Thursday, September 24, 2009

A beginner's guide to kanji

Of the three different writing systems used in Japanese, the most complex is the use of the Chinese characters known as kanji. Rather than a phonetic script, kanji characters represent concepts that are strung together to produce the larger meaning.

In many cases, the origin of the form of the kanji character can be seen from its meaning. For instance "木" is the kanji for tree and the shape is reminiscent of that object. Likewise, river (川), mountain (山), fire (火) and sun (日) all have obvious origins (Astronomers in particular will relate to the kanji for sun, since it is similar to the solar symbol ⊙ ... especially if you were making it on an old digital panel~).

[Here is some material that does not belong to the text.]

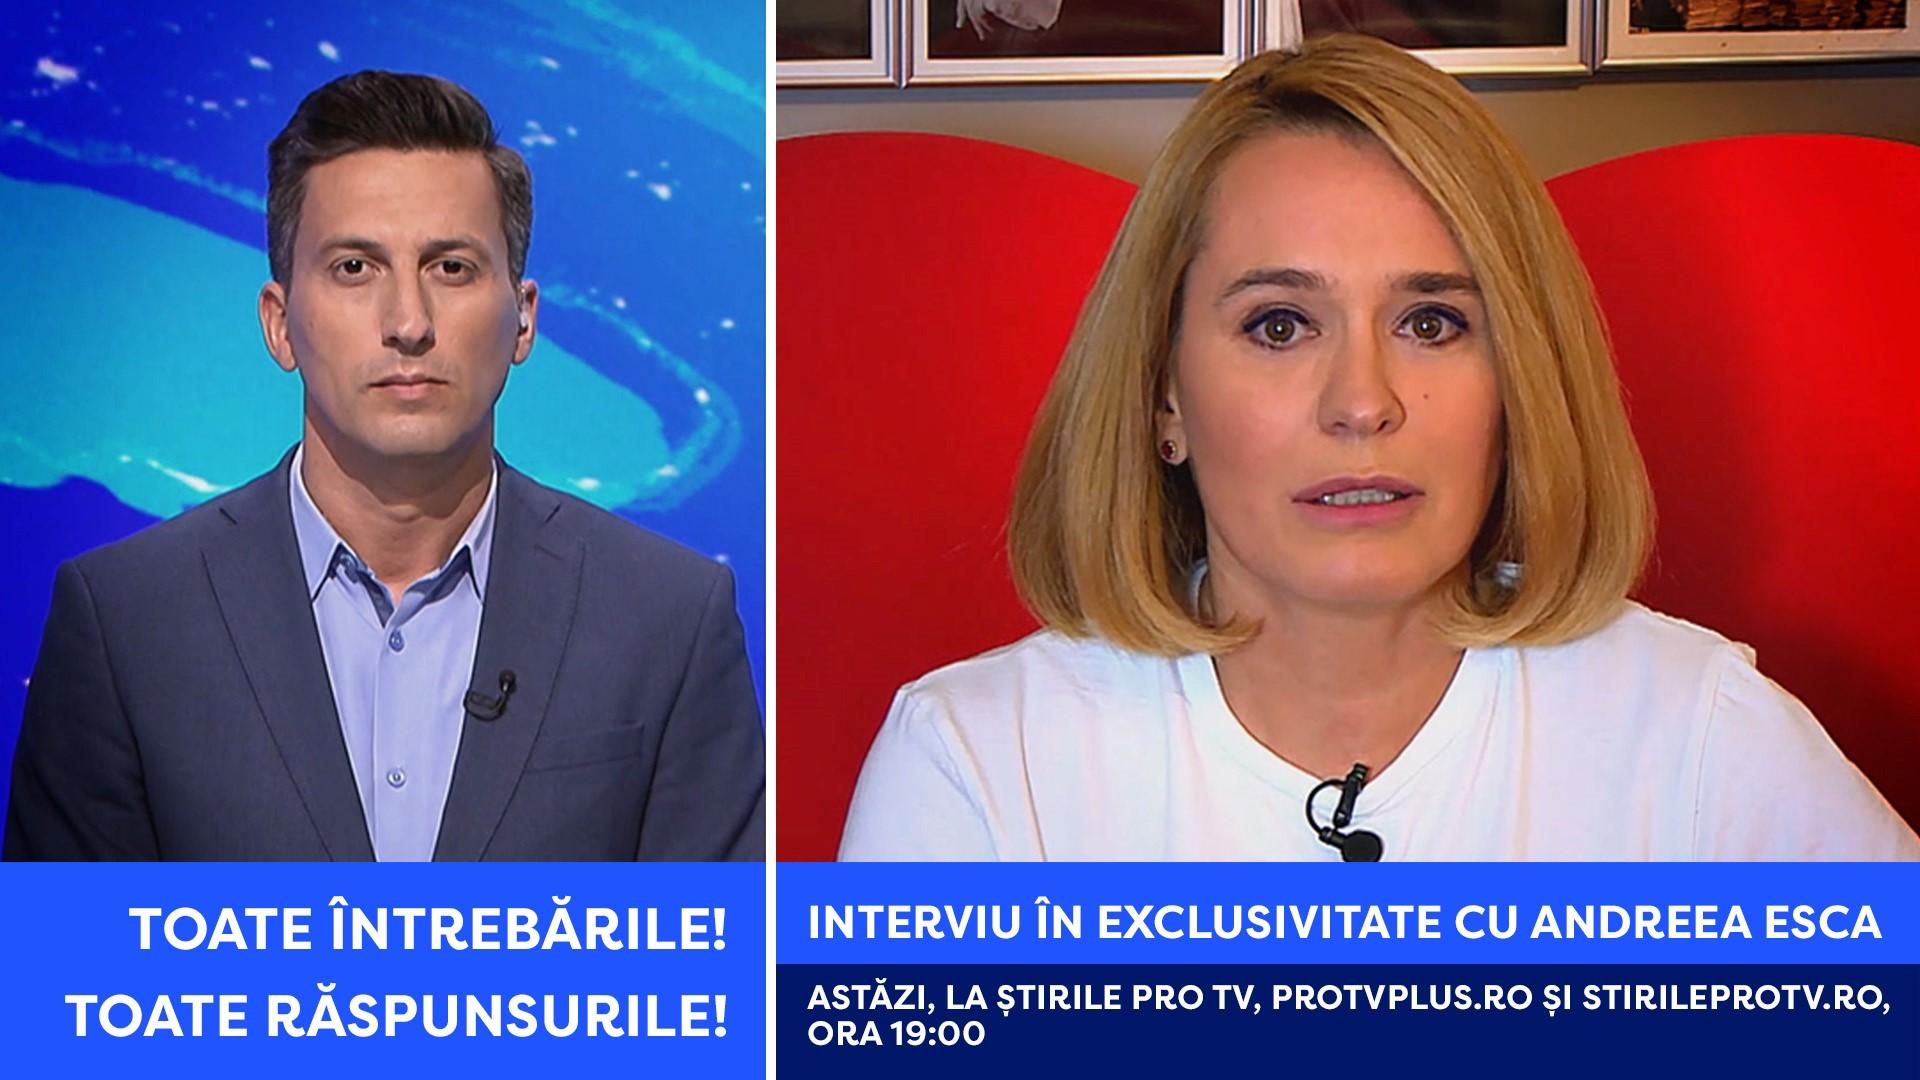 Ce s-a întâmplat cu Andreea Esca: toate întrebările, toate răspunsurile. Interviu azi, la Ştirile ProTV de la ora 19:00

Placing kanji characters along side each other can then lead to more complex meanings. An appropriate example for this week would be 火山, fire mountain or volcano.

Similarly, more complex kanji can be formed by combining characters (either in their full or an abbreviated form) into a single one. For instance, the combination of two of the characters for tree, 林, means "forest".

See? Simple, logical easy! Let's try some others...

If we take the kanji for "car" (車) and combine it with that for "fun" (楽), we get 轢 ... meaning "run over"!

Alternatively, add "grass" (草) to the top of "fun"(楽) and you get 薬; meaning "drugs"!

Never let it be said the Japanese do not have a sense of humour.